Minor changes make sense

The bottom line here is that, based on this specific build, Windows 10 Cloud doesn’t look much different than Windows 10 Pro. That doesn’t mean it won’t change, of course. This is a leaked build, so there’s all manner of possible complications. Perhaps this is what Windows 10 Cloud will look like — or perhaps Microsoft will remove features later in development.

Having said that, we speculate the final version of Windows 10 Cloud won’t look all that different. Why? Developing an OS takes a lot of work, and Microsoft doesn’t make a lot of money from Windows 10 on consumer devices. We don’t think it’d make sense for the company to develop a substantially different version for low-cost systems. A slight re-arranging of what’s already in Windows 10 makes more sense, and that’s exactly what we see in this leaked copy of Windows 10 Cloud.
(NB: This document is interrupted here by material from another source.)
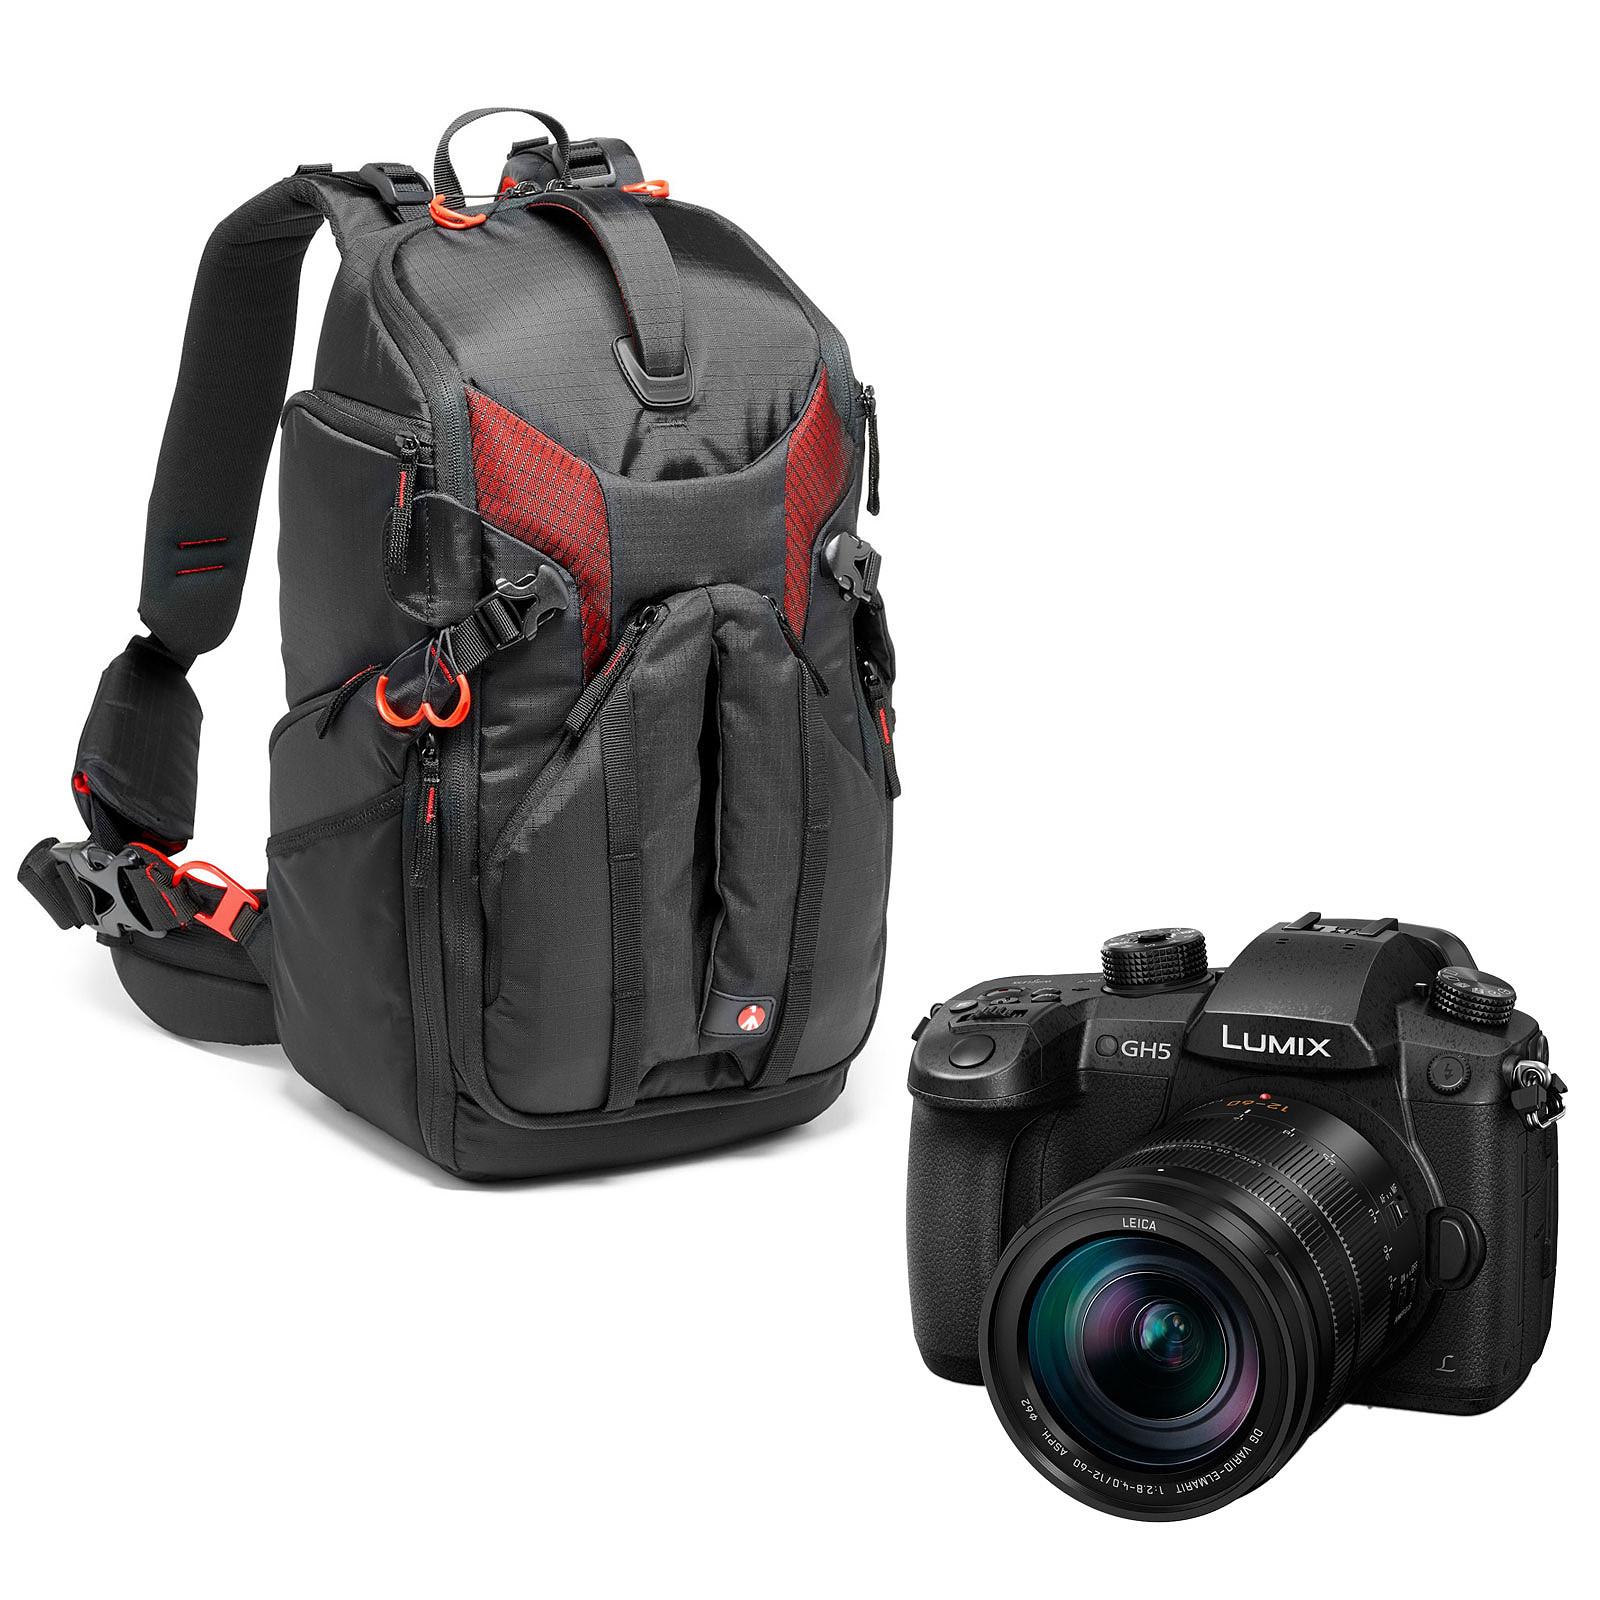 Panasonic DMC-GH5 + Leica 12-60 mm + Manfrotto Pro Light Sling MB PL-3N1-26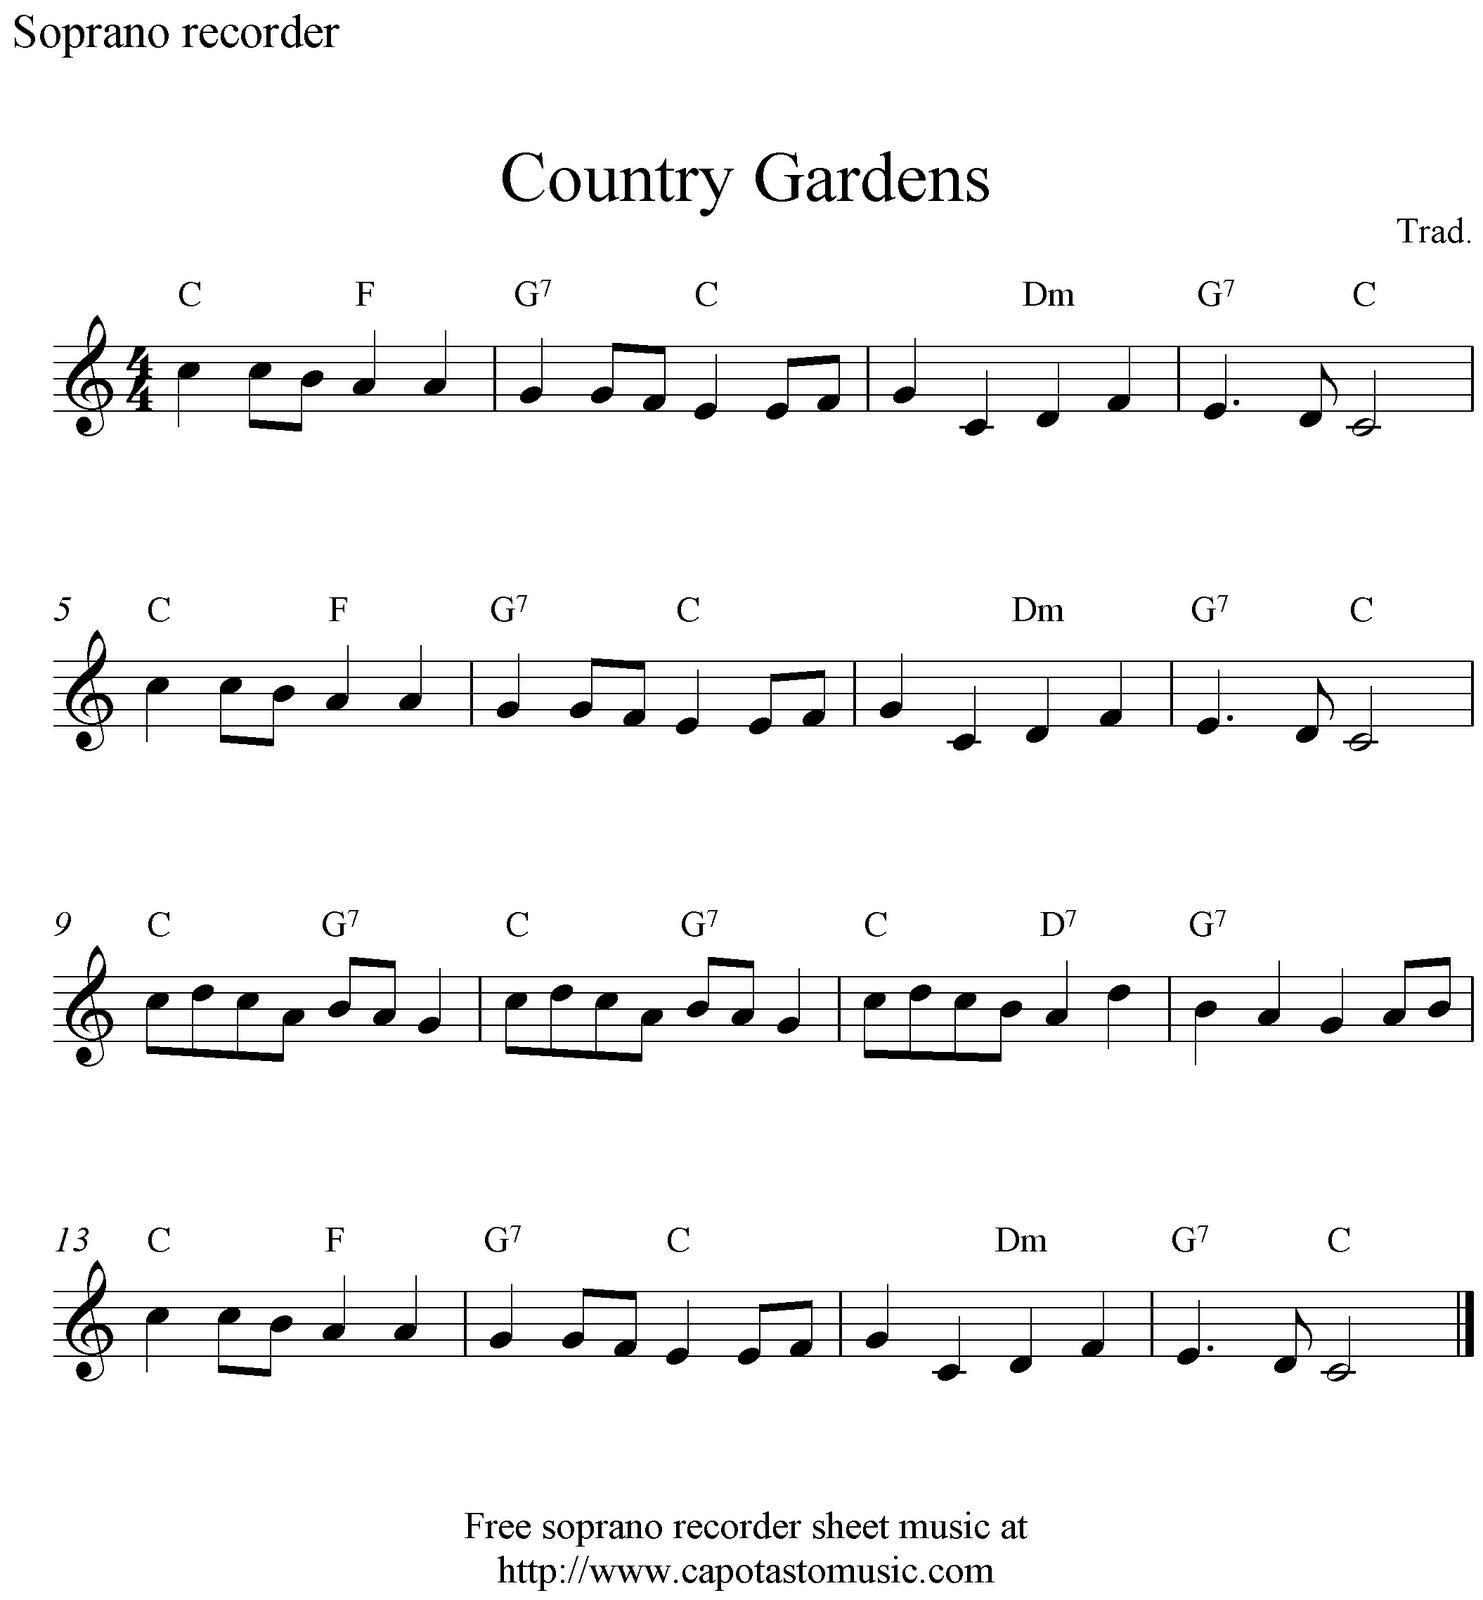 Greensleeves Lyrics And Sheet Music: Free Soprano Recorder Sheet Music, Country Gardens

Ultimately, Windows 10 Cloud may be similar to Microsoft’s former Windows 8 with Bing program, which was a full version of Windows 8 that has Bing set as the default search engine. It was free for OEMs to install on their devices, and users could simply change the default setting if they wanted to use Google or Yahoo.

Still, the Win32 error popup is curious, and something we will have to watch over the coming months. Windows 10 Cloud is expected to arrive later this year, and will probably make an appearance during the company’s BUILD conference in May.